WHAT IS REQUIRED:
Type each record below again, with the same words.

EXERCISE MATERIAL:
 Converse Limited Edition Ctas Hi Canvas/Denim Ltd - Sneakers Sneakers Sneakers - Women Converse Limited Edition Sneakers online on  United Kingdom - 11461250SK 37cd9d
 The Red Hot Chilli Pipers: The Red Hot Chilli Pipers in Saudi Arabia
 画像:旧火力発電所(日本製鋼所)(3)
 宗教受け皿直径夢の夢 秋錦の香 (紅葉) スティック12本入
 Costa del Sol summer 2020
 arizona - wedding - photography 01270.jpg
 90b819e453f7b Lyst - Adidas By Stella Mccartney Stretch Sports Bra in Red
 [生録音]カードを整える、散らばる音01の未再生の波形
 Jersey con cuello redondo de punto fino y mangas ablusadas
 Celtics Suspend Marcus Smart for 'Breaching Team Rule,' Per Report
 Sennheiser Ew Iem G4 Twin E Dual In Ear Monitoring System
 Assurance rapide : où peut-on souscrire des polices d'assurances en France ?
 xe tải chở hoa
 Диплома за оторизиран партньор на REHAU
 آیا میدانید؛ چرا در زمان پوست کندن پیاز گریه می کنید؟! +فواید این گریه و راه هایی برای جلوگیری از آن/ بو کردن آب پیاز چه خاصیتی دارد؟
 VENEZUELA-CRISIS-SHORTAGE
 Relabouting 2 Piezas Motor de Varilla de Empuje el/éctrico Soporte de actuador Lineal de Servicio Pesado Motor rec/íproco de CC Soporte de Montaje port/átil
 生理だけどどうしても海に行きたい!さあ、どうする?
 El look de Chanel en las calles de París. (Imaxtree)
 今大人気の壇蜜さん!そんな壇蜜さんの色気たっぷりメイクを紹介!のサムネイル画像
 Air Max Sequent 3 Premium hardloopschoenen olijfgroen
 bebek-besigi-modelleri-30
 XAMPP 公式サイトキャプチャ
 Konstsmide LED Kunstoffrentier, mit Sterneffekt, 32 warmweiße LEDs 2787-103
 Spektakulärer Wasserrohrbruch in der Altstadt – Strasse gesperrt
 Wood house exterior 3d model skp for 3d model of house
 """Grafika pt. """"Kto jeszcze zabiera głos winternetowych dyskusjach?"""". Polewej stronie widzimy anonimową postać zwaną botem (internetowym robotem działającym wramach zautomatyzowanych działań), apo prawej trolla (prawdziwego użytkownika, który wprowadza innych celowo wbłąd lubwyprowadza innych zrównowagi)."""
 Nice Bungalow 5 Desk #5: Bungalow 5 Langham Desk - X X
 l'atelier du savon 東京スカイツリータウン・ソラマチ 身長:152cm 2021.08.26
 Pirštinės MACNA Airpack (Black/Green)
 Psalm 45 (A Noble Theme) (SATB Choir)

EXPECTED ANSWER:
 Converse Limited Edition Ctas Hi Canvas/Denim Ltd - Sneakers Sneakers Sneakers - Women Converse Limited Edition Sneakers online on  United Kingdom - 11461250SK 37cd9d
 The Red Hot Chilli Pipers: The Red Hot Chilli Pipers in Saudi Arabia
 画像:旧火力発電所(日本製鋼所)(3)
 宗教受け皿直径夢の夢 秋錦の香 (紅葉) スティック12本入
 Costa del Sol summer 2020
 arizona - wedding - photography 01270.jpg
 90b819e453f7b Lyst - Adidas By Stella Mccartney Stretch Sports Bra in Red
 [生録音]カードを整える、散らばる音01の未再生の波形
 Jersey con cuello redondo de punto fino y mangas ablusadas
 Celtics Suspend Marcus Smart for 'Breaching Team Rule,' Per Report
 Sennheiser Ew Iem G4 Twin E Dual In Ear Monitoring System
 Assurance rapide : où peut-on souscrire des polices d'assurances en France ?
 xe tải chở hoa
 Диплома за оторизиран партньор на REHAU
 آیا میدانید؛ چرا در زمان پوست کندن پیاز گریه می کنید؟! +فواید این گریه و راه هایی برای جلوگیری از آن/ بو کردن آب پیاز چه خاصیتی دارد؟
 VENEZUELA-CRISIS-SHORTAGE
 Relabouting 2 Piezas Motor de Varilla de Empuje el/éctrico Soporte de actuador Lineal de Servicio Pesado Motor rec/íproco de CC Soporte de Montaje port/átil
 生理だけどどうしても海に行きたい!さあ、どうする?
 El look de Chanel en las calles de París. (Imaxtree)
 今大人気の壇蜜さん!そんな壇蜜さんの色気たっぷりメイクを紹介!のサムネイル画像
 Air Max Sequent 3 Premium hardloopschoenen olijfgroen
 bebek-besigi-modelleri-30
 XAMPP 公式サイトキャプチャ
 Konstsmide LED Kunstoffrentier, mit Sterneffekt, 32 warmweiße LEDs 2787-103
 Spektakulärer Wasserrohrbruch in der Altstadt – Strasse gesperrt
 Wood house exterior 3d model skp for 3d model of house
 """Grafika pt. """"Kto jeszcze zabiera głos winternetowych dyskusjach?"""". Polewej stronie widzimy anonimową postać zwaną botem (internetowym robotem działającym wramach zautomatyzowanych działań), apo prawej trolla (prawdziwego użytkownika, który wprowadza innych celowo wbłąd lubwyprowadza innych zrównowagi)."""
 Nice Bungalow 5 Desk #5: Bungalow 5 Langham Desk - X X
 l'atelier du savon 東京スカイツリータウン・ソラマチ 身長:152cm 2021.08.26
 Pirštinės MACNA Airpack (Black/Green)
 Psalm 45 (A Noble Theme) (SATB Choir)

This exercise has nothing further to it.